Aged 17 I joined he British Army and later became a commando, was captured during he invasion of Sicily and was a POW in Austria.
After 7 years of army life I found it hard to settle. I used my demobilisation pay to purchase a seat on a BOAC flying boat at the cost of 260 pounds sterling to come out to Australia to meet up with two Australians from POW life. I left England 24th April 1947 and arrived at Rose Bay, Sydney midnight on the 3rd May. The trip took nine days, landing very night. The flight was held up in Indonesia one extra day while they were fighting for their independence. We couldn’t land at Bowen, Qld as it was too rough. Six young Greek women were very sick, as were their chaperons.They had been married by proxy. On arrival a porter sent me to a B&B run by a war widow, an English lady who introduced me to he national breakfast of steak and eggs.
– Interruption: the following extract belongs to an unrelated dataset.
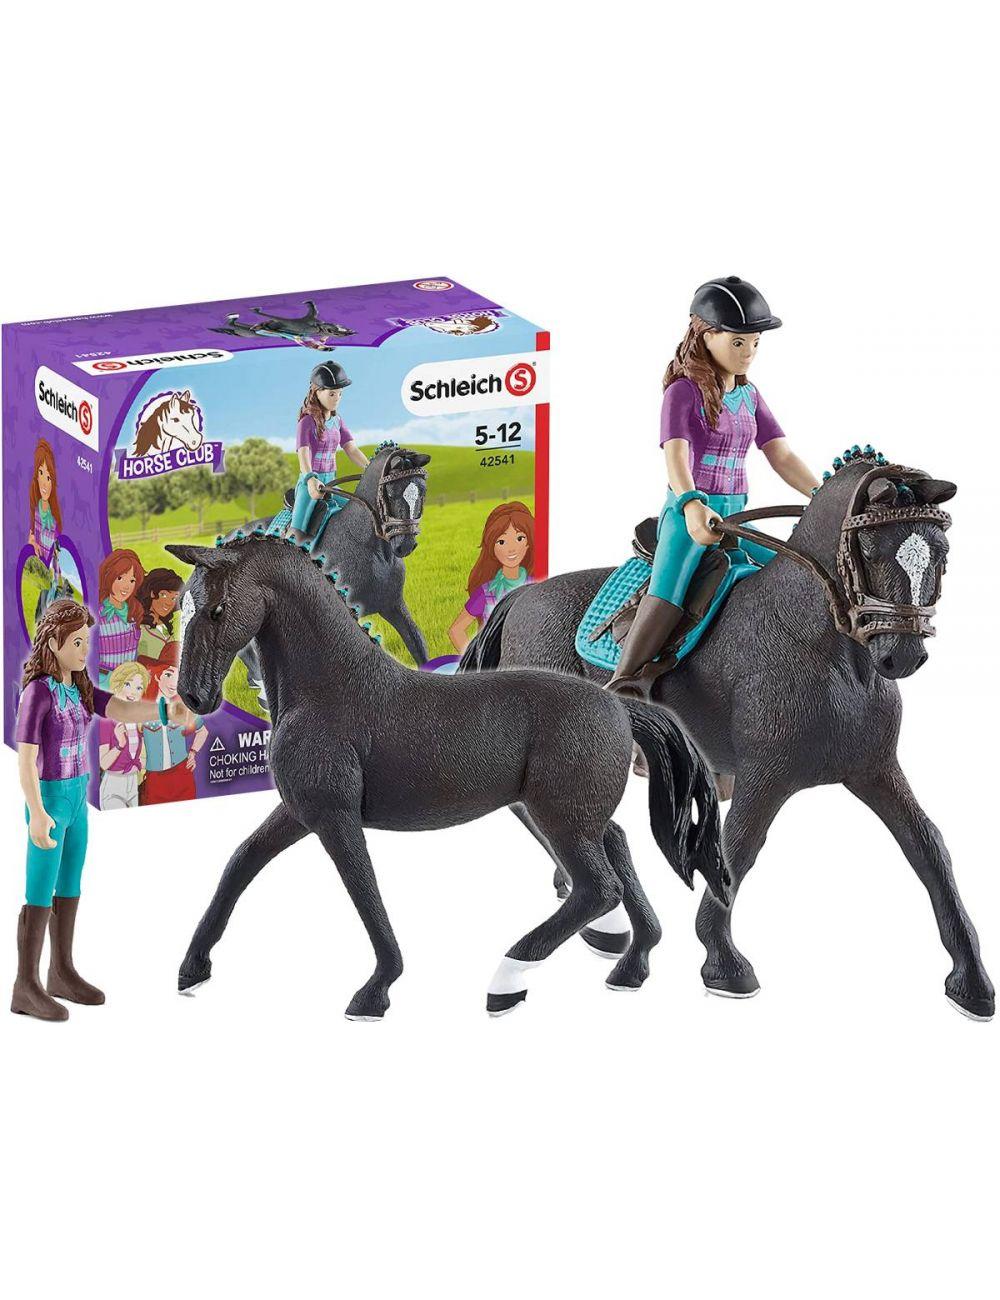 Schleich 42541 Lisa & Storm Horse Club Jeździec Koń Figurka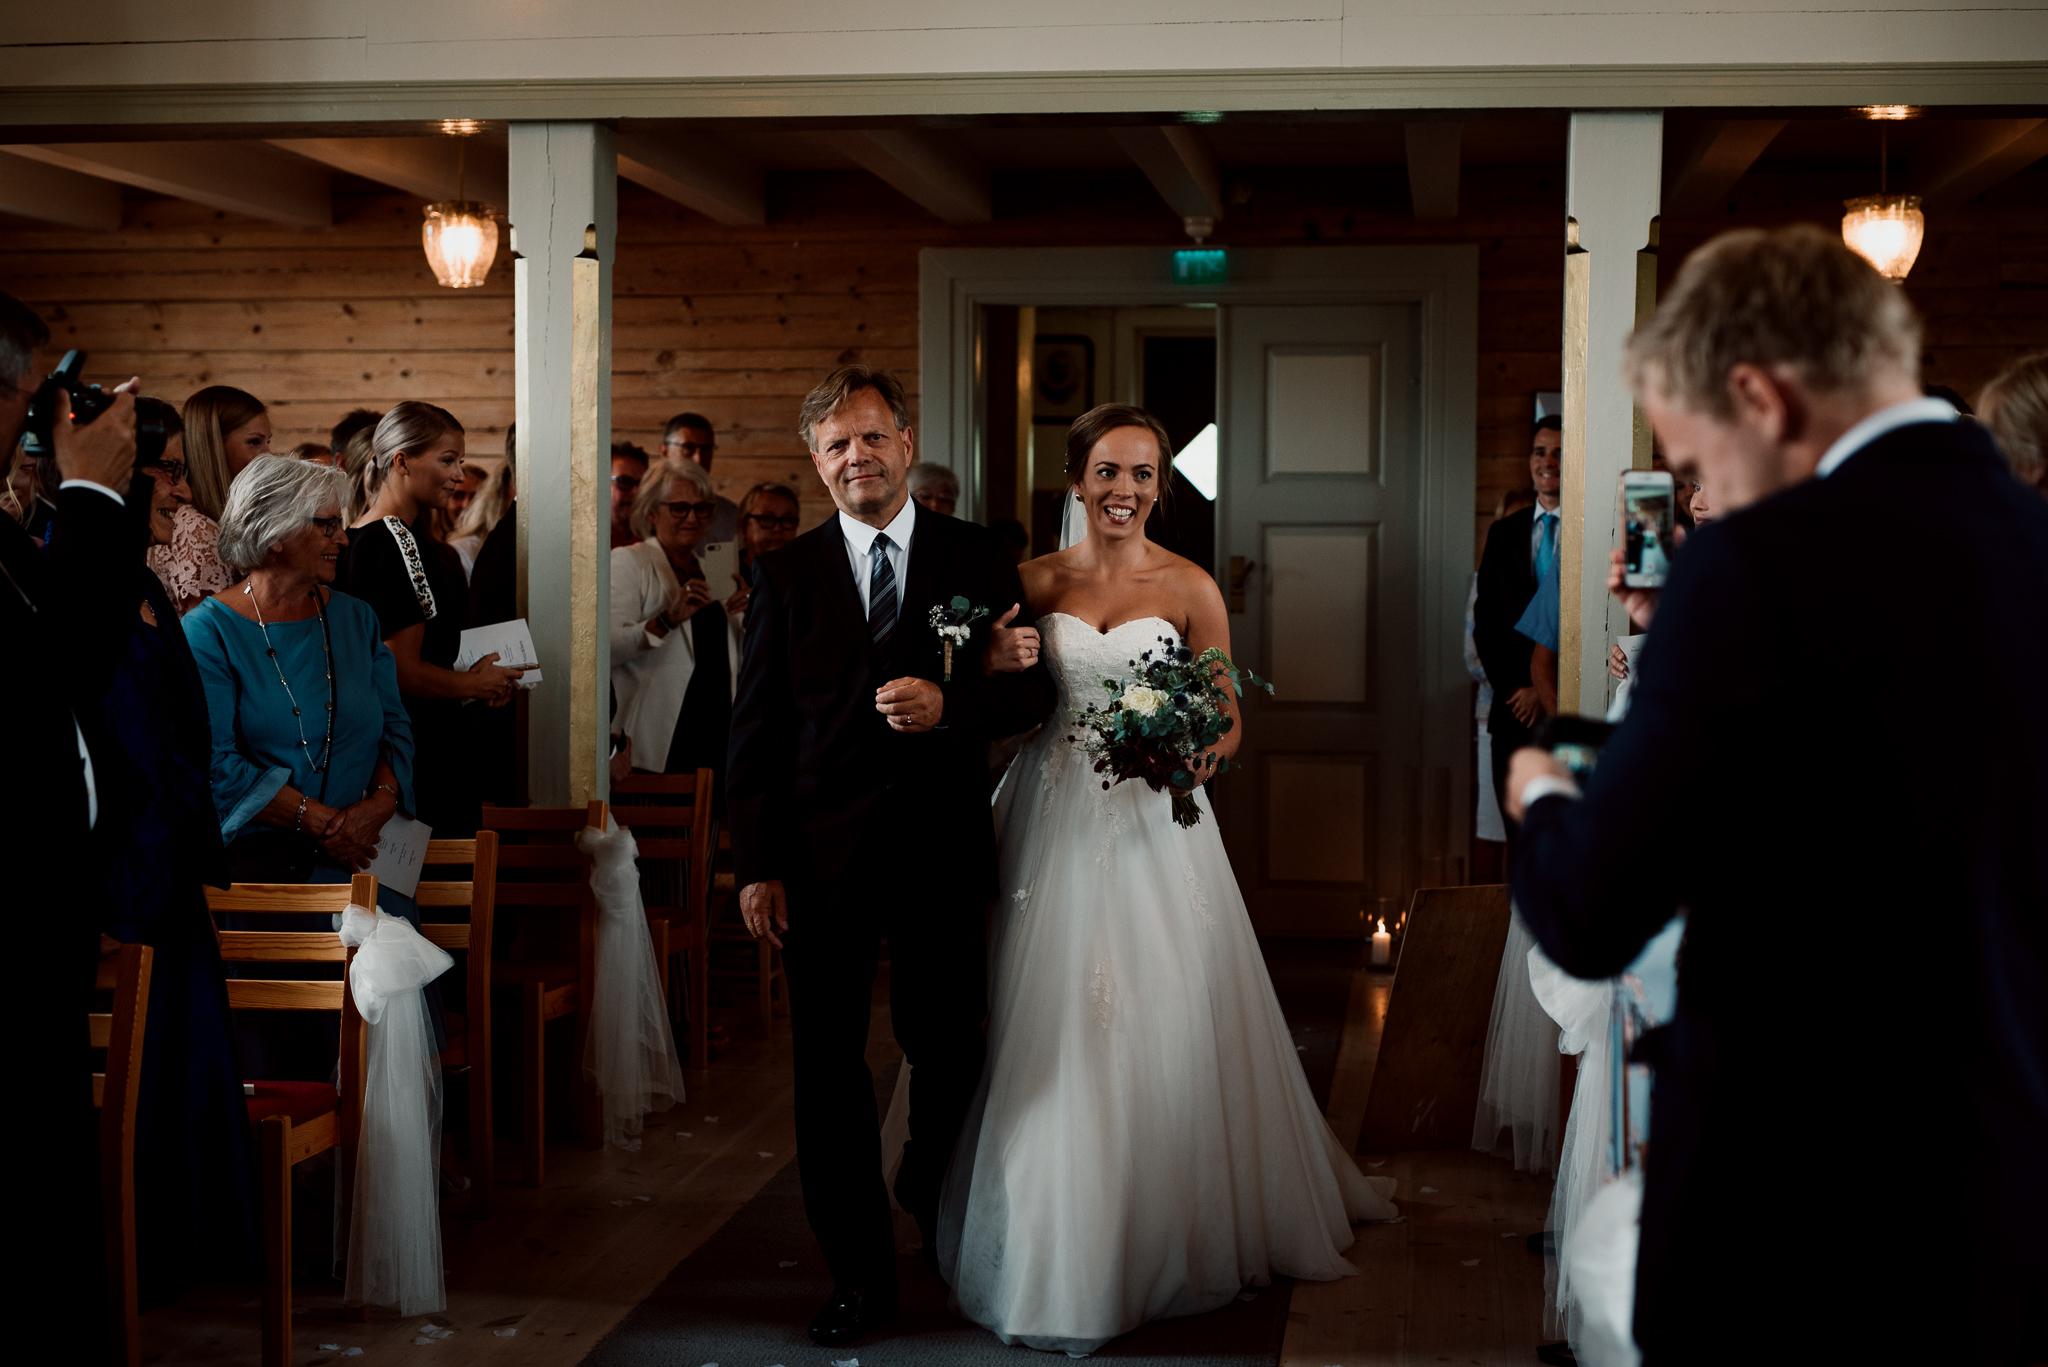 Bryllup-løen-på-sunde-bryllupsfotograf-Stavanger-Lofoten-Bergen-Oslo-17.jpg

I had 6 pounds five shillings left of my money, so I had to find work at once. The landlady told me to go to Darling Harbour where I found work the next morning, moving a wheat stack which was collapsing. I made seven pounds 10 shillings in 2 days which paid my fare to Melbourne, where my Aussie POW friend lived. His house was my base for a couple of weeks until I found a job pruning trees in Northern Victoria. Not a pleasant period, as the workers all seemed to on the run from something or other and suspected me, as my speech and clothing were different. I had a lot of trouble there.
I worked in Victoria for some time, fencing and farm work, in fact anything. One day I got talking with a stationhand who told me to go into NSW to Woomera West Station as they wanted two jackeroos to work there. In those days jackeroos were taught farm management for 2 pounds a week plus keep. I knew them that I had arrived at the real Australia. A marvellous time.
For some years I worked at rice farming, sleeper cutter and stockwork. After losing all my money in a disastrous rice crop, when wild ducks left the rice bays bare, I headed for the Snowy Hydro Scheme, where I worked as a diamond driller as they searched for good tunnel rock. That was in 1953.
When the State Government started to spread electricity power into the country areas I left the Snowy and jot a job with a French company called “Electrical Transmission”, erecting the towers, pylons and poles, etc, all for high tension. Once the grid was working I left to work for a furniture retailer. This fitted in better with married life which was expanding quickly – My Australian wife and seven children.
Now we are grandparents of 15 little Aussie grandchildren with the combined blood of Irish, Scottish, English, German, Polish, Danish, Indonesian, Hungarian and Romanian.
We retired to the NSW South Coast in 1975 and are quite satisfied with how we have played out our lives. Not bad for someone who came out to Australia with just a jingle in his pocket!